Le projet du guide d'éthique de la Commission Européenne a pour objectif de : « maximiser les avantages de l’IA tout en minimisant ses risques. Une approche de l’IA centrée sur l’humain est nécessaire, nous obligeant à garder à l’esprit que son développement et son utilisation ne doivent pas être considérés comme un moyen en soi, mais comme ayant pour objectif d’accroître le bien-être humain. » Les six principes éthiques considérés comme fondateurs qui sont présentés par le groupe d’experts en IA sont la Bienfaisance (faire le bien), la Non-malfaisance (ne pas nuire), l’autonomie des humains, la Justice (c’est-à-dire la non-discrimination de l’IA) et l’explicabilité pour assurer autonomie, consentement éclairé et protection des données.

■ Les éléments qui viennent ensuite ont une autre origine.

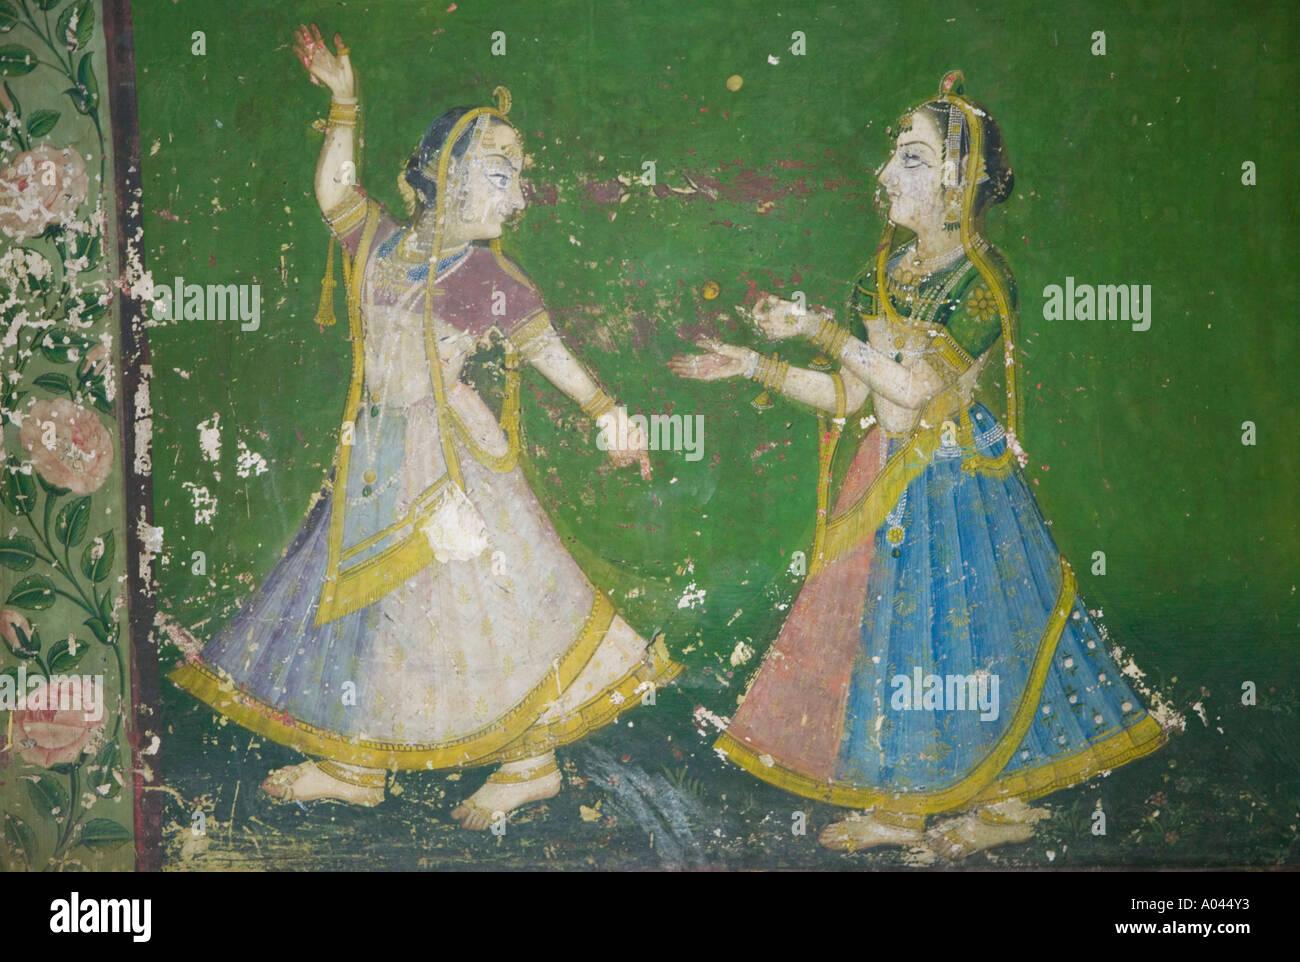 Indian Wall Art, City Palace, Udaipur, Rajasthan, India

De façon plus large, l'éthique de l'IA devrait être le point de départ d'une réflexion plus globale sur l'usage des technologies NBIC (Nano technologie, Biotechnologie, technologie de l’Information et technologie cognitive). Ces technologies présentent de très nombreuses convergences car elles s’empruntent toutes des applications les unes aux autres, rendant l’éthique centrale sur l’ensemble des technologies étudiées. Un exemple peut être proposé dans le champ des neurosciences qui combinent dorénavant des dispositifs intracérébraux dotés d'algorithmes sophistiqués: les études des chercheurs suisses Marcello Ienca et Roberto Andorno conduisent à penser que les droits de l'homme à l'ère des neurosciences et des neuro technologies nécessiteront la création de quatre nouveaux droits humains: le droit à la liberté cognitive, le droit à la vie privée psychique, le droit à l'intégrité mentale et le droit à la continuité psychologique.

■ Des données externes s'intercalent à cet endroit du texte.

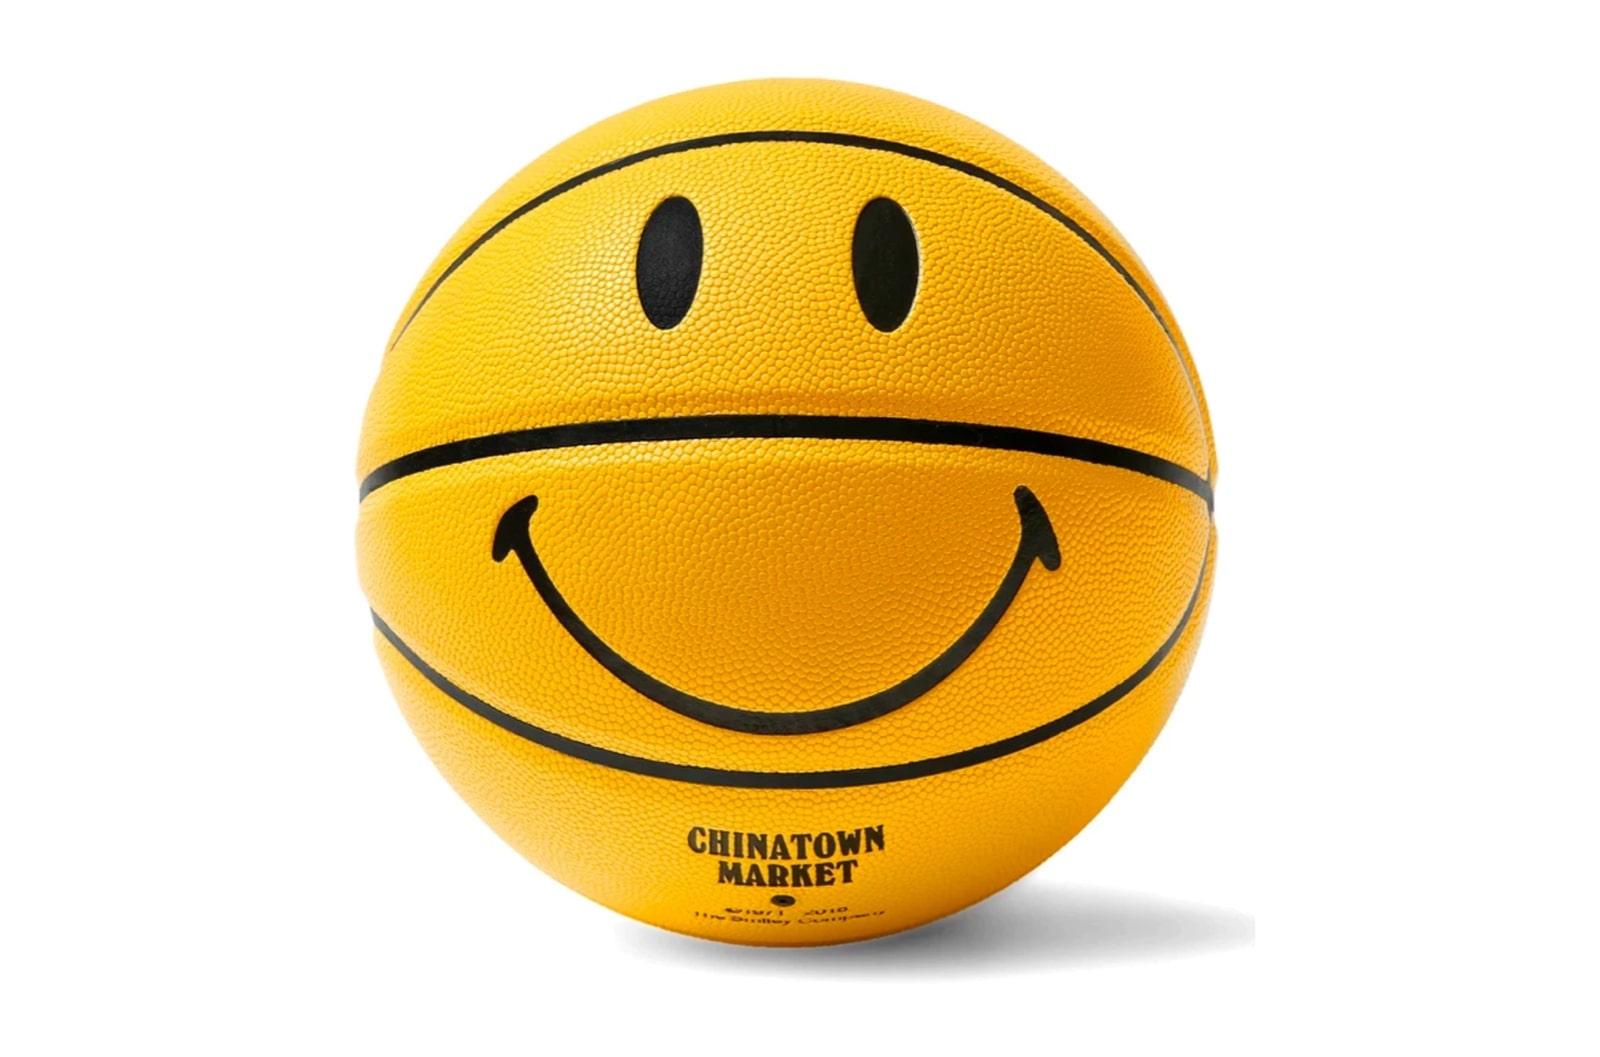 slide 1 - Smiley Yellow Basketball

Il existe d’ailleurs aussi d'autres technologies qui nécessitent plus de discussions, notamment la blockchain, la biométrie, l'Internet des objets et l'informatique quantique. Bien que ces technologies en développement aient le pouvoir de favoriser le bien social, leur utilisation pourrait soulever des questions sociales et éthiques concernant l’équité, l’influence et la responsabilité, qui vont au-delà des questions de protection des données et de la vie privée.

En conclusion, ne nous laissons pas tenter par les fantasmes et le bluff technologique, selon l’expression du philosophe Jacques Ellul. Regardons en face les risques de l’IA et incitons nos responsables politiques à persévérer et trouver un consensus acceptable entre l'éthique, le droit et la compétitivité. Nous devons arrêter de parler d’éthique et commencer à agir.

L’intelligence artificielle peut être une chance formidable pour accélérer la réalisation des objectifs de développement durable. Mais toute révolution technologique entraîne de nouveaux déséquilibres qu’il faut essayer d’anticiper », spécifie Audrey Azoulay, directrice générale de l'UNESCO.